→ What this task involves: Which lines in the entries below contain the string "with"? Show each of them in full.

[Data records]

○ ○ ○ ○

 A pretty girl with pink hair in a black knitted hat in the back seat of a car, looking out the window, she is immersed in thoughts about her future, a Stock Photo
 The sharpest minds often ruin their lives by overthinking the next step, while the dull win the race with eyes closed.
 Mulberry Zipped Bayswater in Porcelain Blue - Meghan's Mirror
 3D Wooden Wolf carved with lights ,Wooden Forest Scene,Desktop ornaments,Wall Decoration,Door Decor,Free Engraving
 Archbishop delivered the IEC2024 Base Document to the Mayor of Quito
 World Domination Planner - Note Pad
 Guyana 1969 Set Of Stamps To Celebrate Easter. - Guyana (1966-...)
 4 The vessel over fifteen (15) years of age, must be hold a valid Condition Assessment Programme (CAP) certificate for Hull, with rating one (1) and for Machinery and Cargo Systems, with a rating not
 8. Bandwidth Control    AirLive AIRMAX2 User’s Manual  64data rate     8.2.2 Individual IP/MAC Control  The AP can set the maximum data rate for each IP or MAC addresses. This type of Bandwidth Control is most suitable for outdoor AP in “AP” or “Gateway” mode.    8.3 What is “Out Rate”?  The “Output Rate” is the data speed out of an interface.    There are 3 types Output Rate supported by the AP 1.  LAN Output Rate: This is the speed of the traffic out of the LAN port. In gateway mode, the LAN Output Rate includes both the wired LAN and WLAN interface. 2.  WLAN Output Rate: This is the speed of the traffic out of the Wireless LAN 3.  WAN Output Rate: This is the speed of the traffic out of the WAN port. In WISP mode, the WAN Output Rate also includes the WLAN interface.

○ ○ ○ ○

→ The answer:
 A pretty girl with pink hair in a black knitted hat in the back seat of a car, looking out the window, she is immersed in thoughts about her future, a Stock Photo
 The sharpest minds often ruin their lives by overthinking the next step, while the dull win the race with eyes closed.
 3D Wooden Wolf carved with lights ,Wooden Forest Scene,Desktop ornaments,Wall Decoration,Door Decor,Free Engraving
 4 The vessel over fifteen (15) years of age, must be hold a valid Condition Assessment Programme (CAP) certificate for Hull, with rating one (1) and for Machinery and Cargo Systems, with a rating not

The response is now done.